Return all of the data verbatim, dropping any picture.

* [Dataset content]
-=-=-=-=-

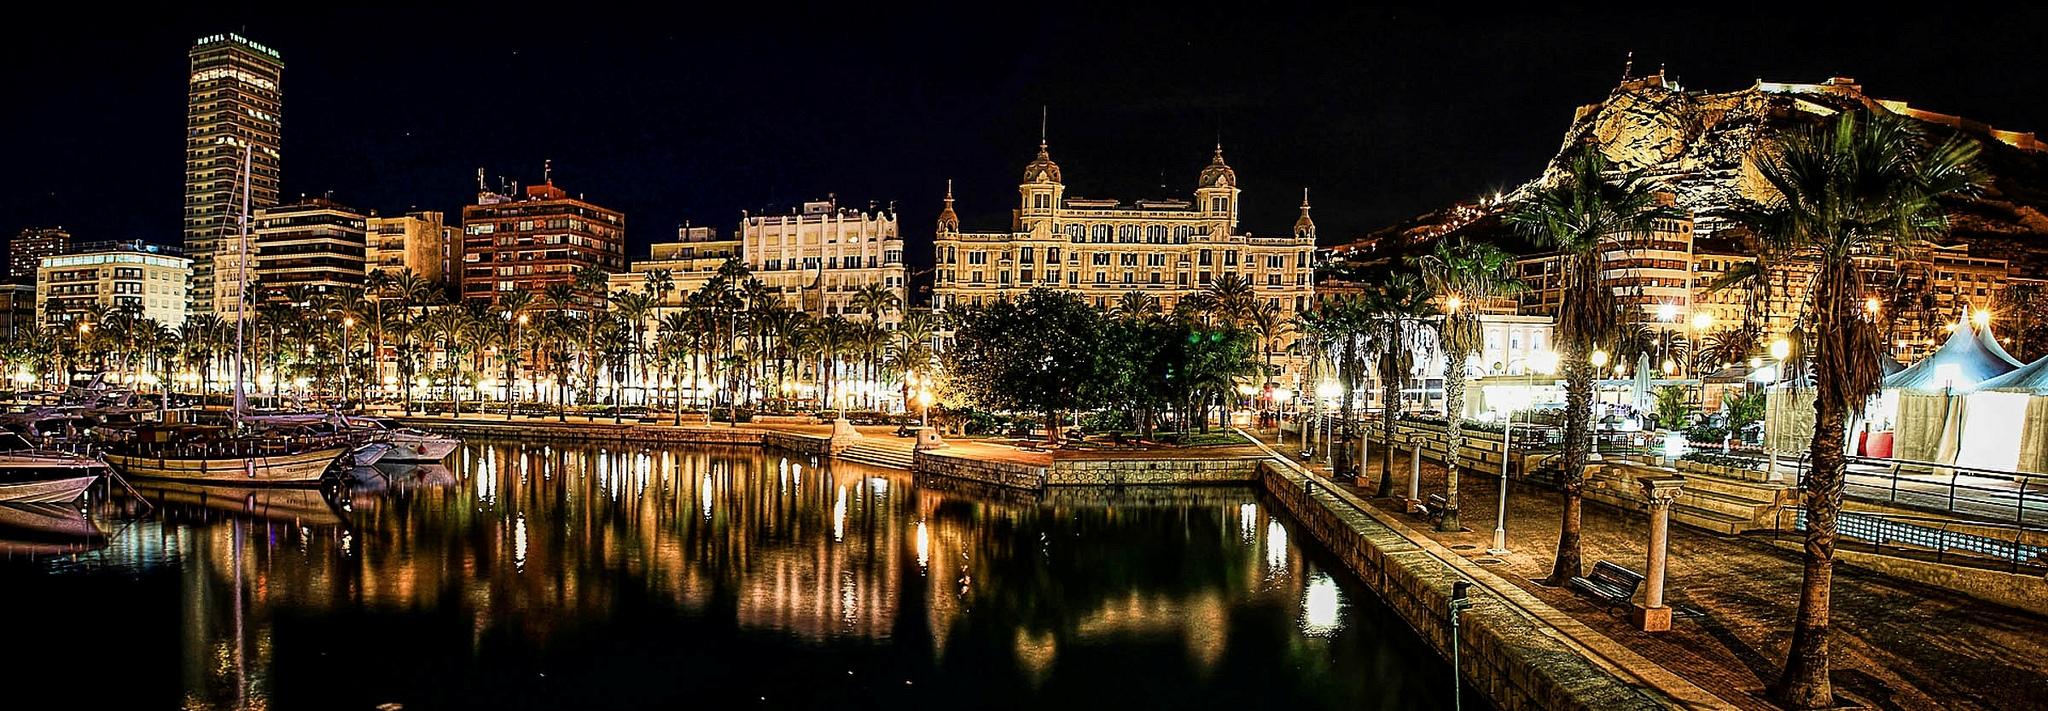 Alicante.original.Spain
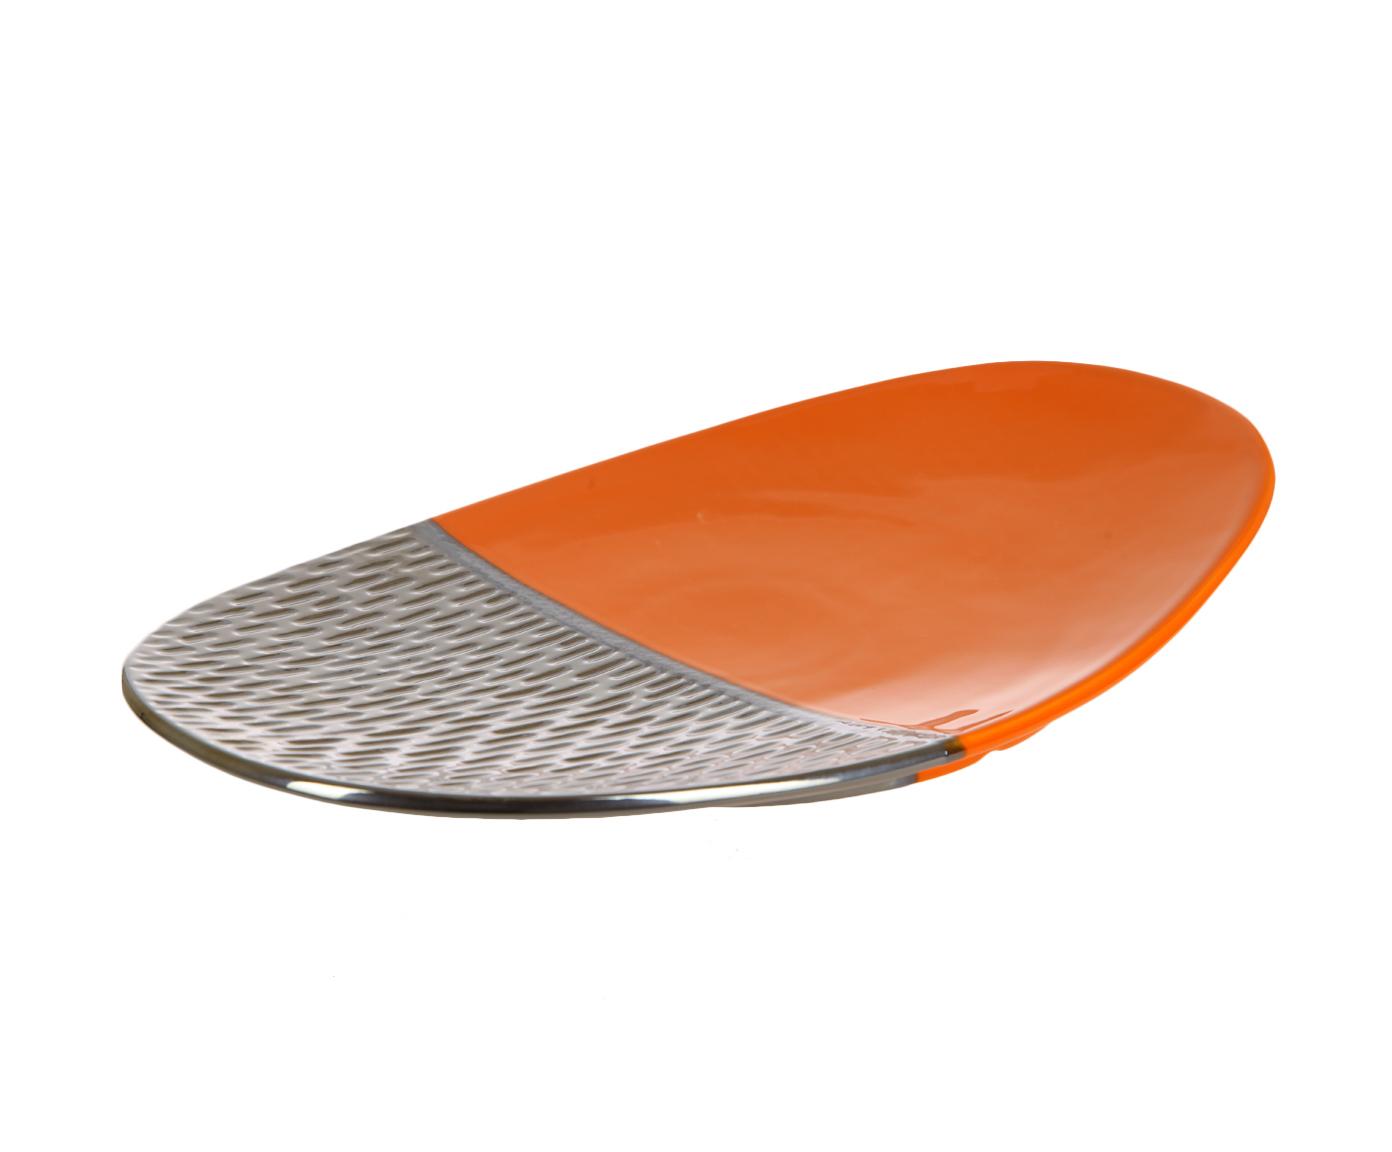 Блюда и тарелки Блюдо декоративное Copperfield оранжевое от Sporvil predmet-dekora-tsentr-copperfield-serebro-s-oranzhevym-ot-sporvil-portugaliya.jpg
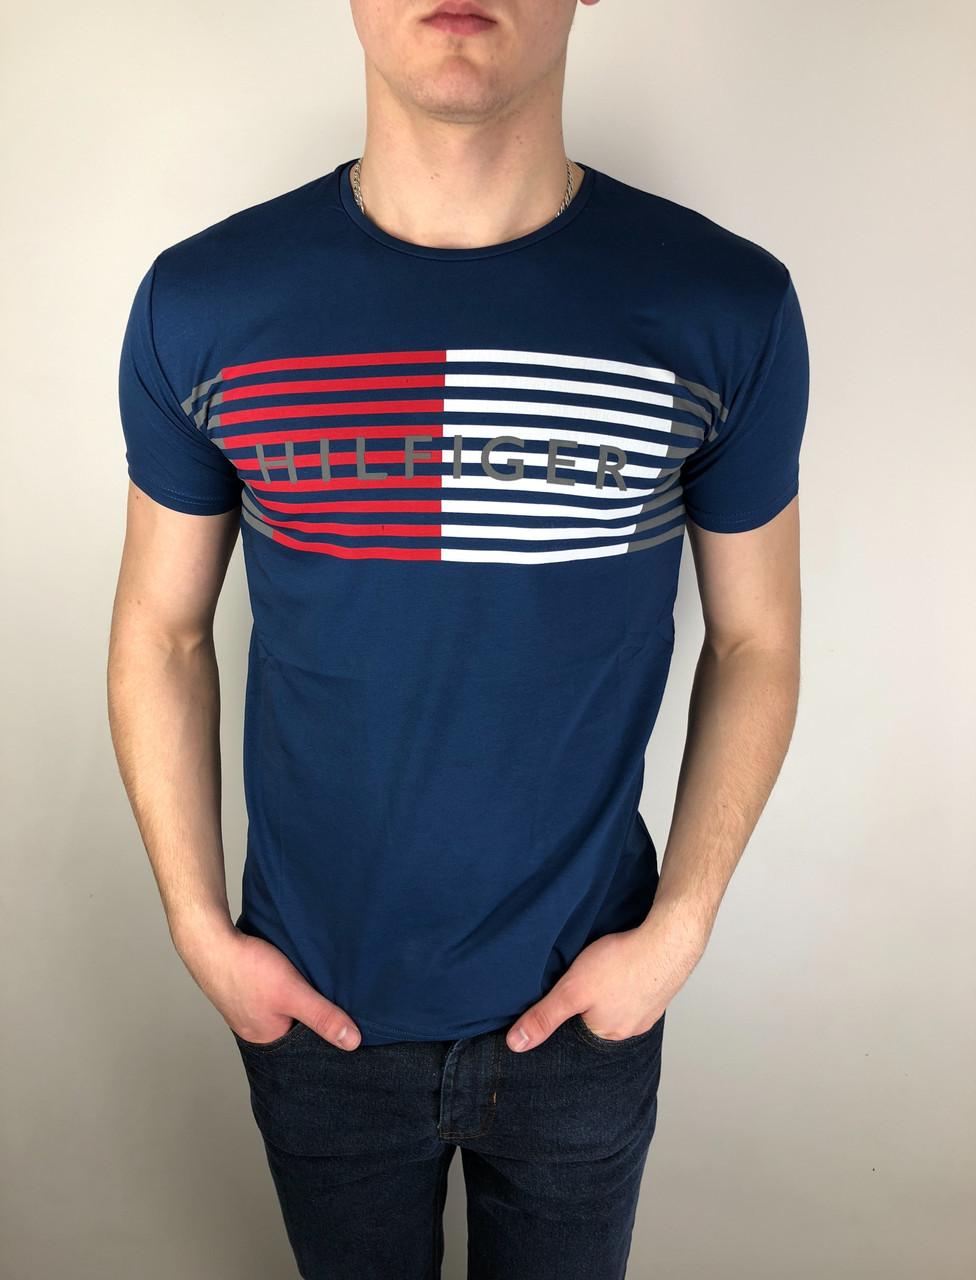 Мужская футболка Tommy Hilfiger качественная копия Темно-синий

-=-=-=-=-

* [The completed task]
 Alicante.original.Spain
 Блюда и тарелки Блюдо декоративное Copperfield оранжевое от Sporvil predmet-dekora-tsentr-copperfield-serebro-s-oranzhevym-ot-sporvil-portugaliya.jpg
 Мужская футболка Tommy Hilfiger качественная копия Темно-синий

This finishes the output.